MATERIAL PROVIDED

· · · · ·

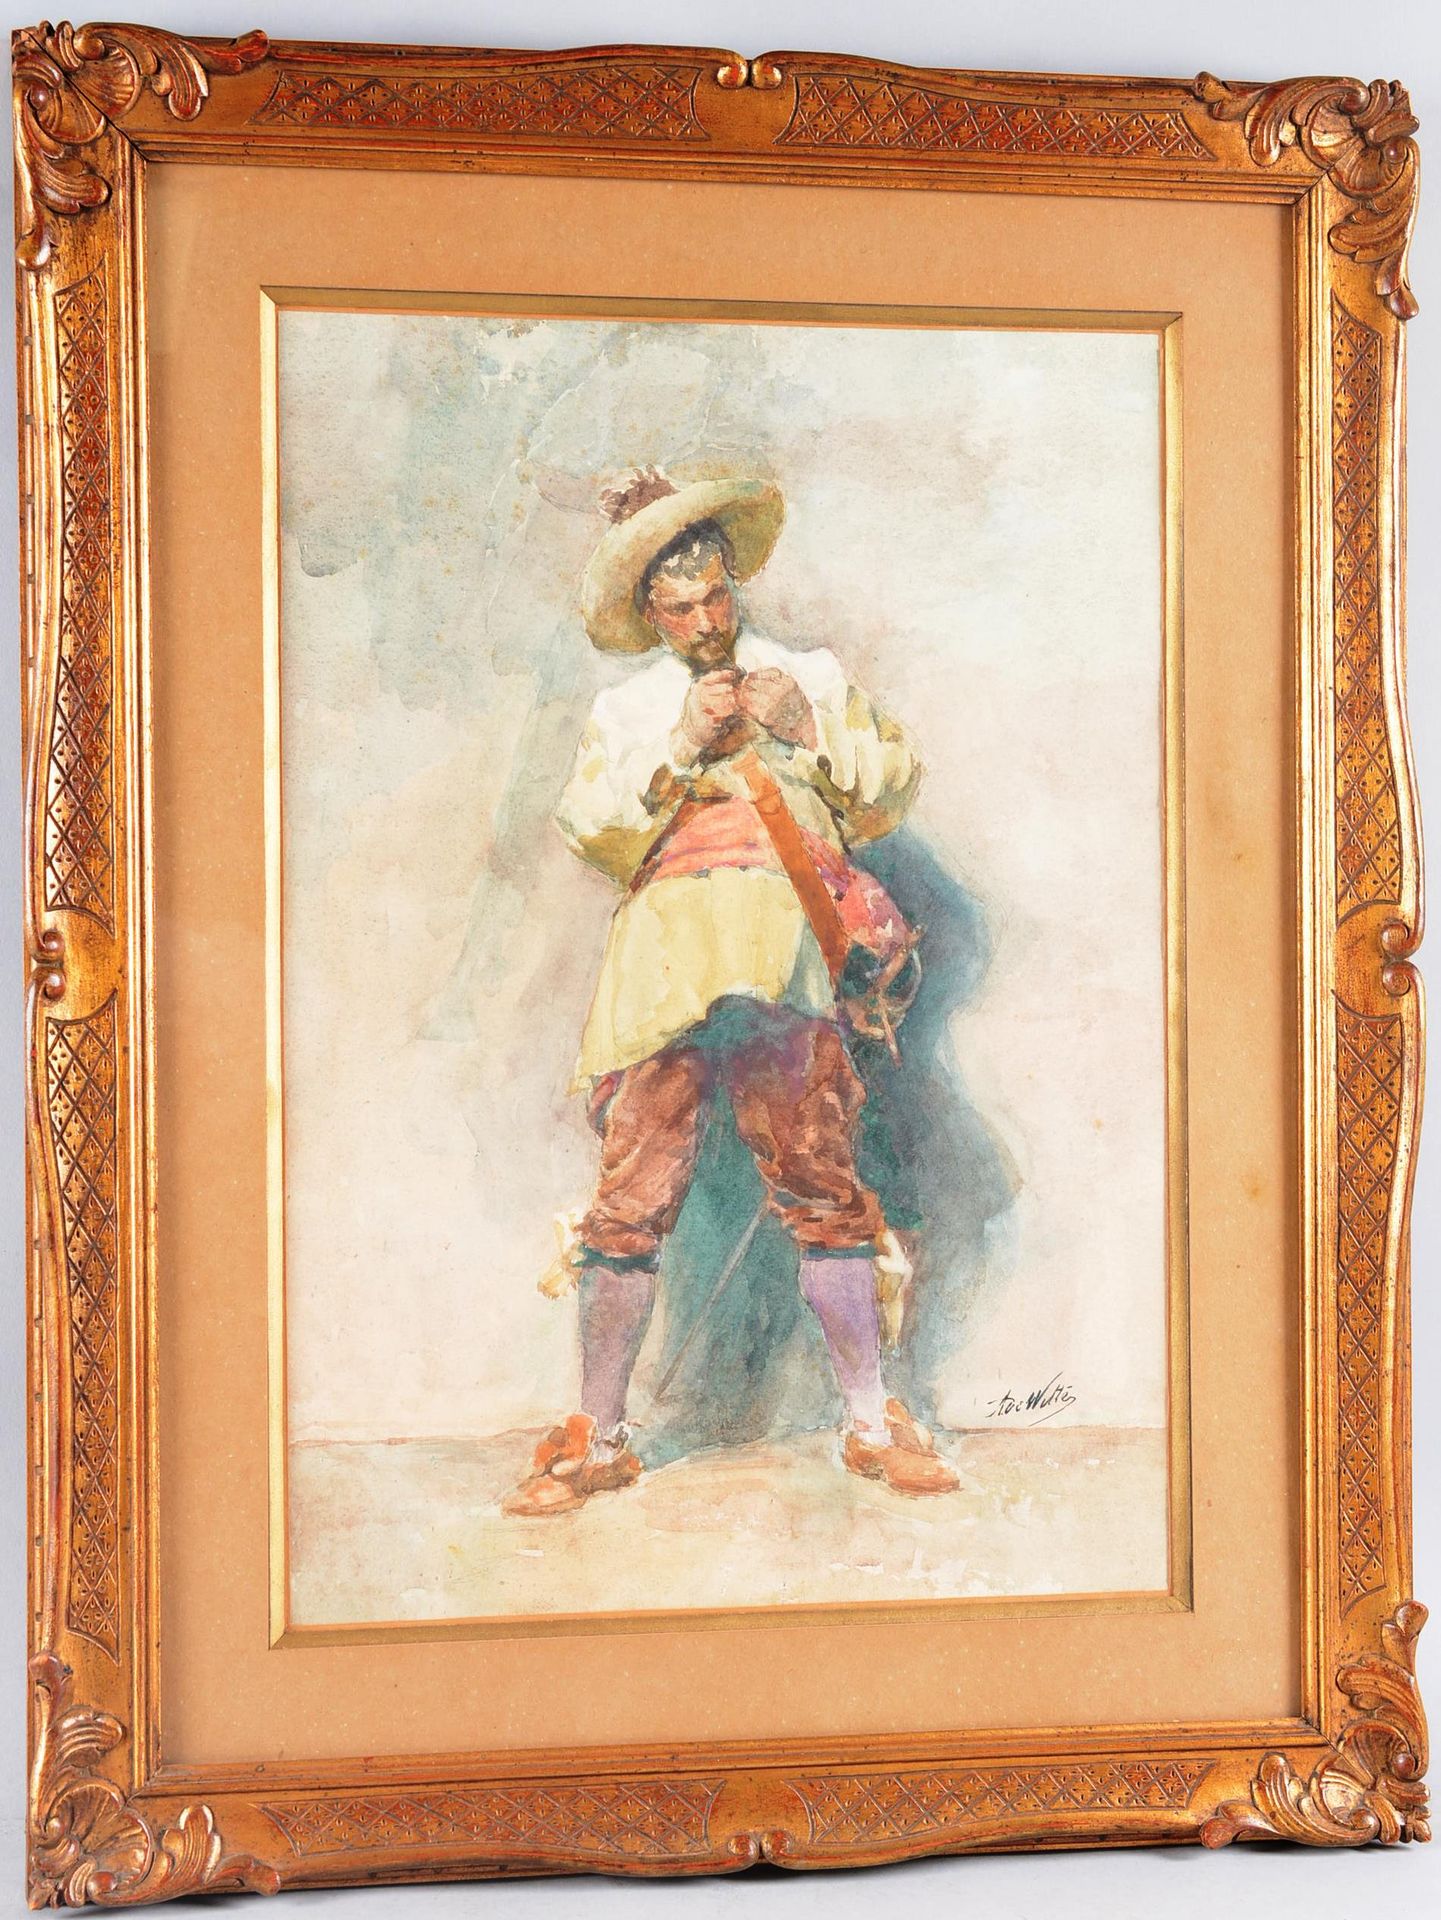 Adrien de Witte (1850-1935) 阿德里安-德-维特(1850-1935)

"Arquebusier"。

水彩画，右下方有签名。艺术家&hellip;
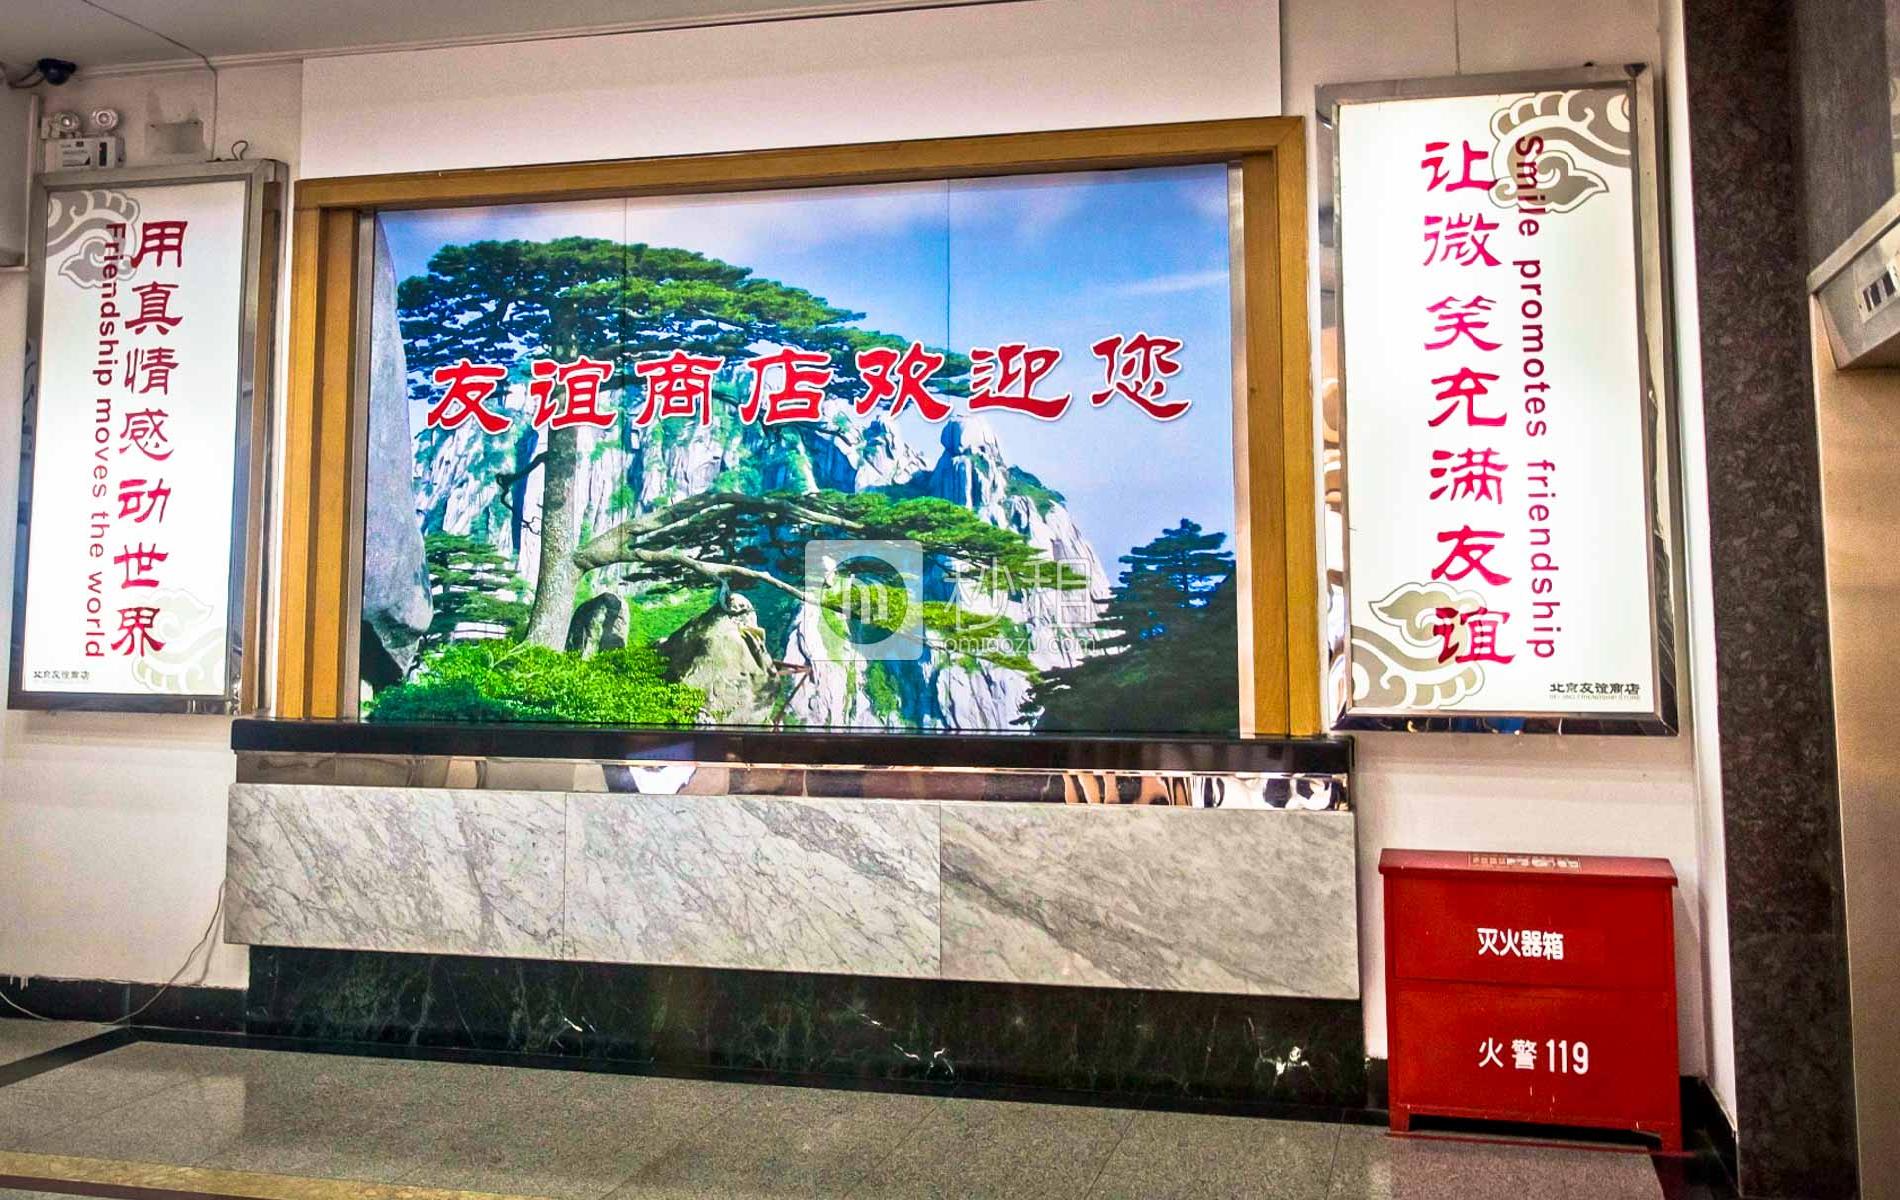 北京友谊商店

· · · · ·

TASK BRIEF
Images are to be omitted; repeat the remaining data above exactly.

RESPONSE TO THE EXERCISE
 Adrien de Witte (1850-1935) 阿德里安-德-维特(1850-1935)

"Arquebusier"。

水彩画，右下方有签名。艺术家&hellip;
 北京友谊商店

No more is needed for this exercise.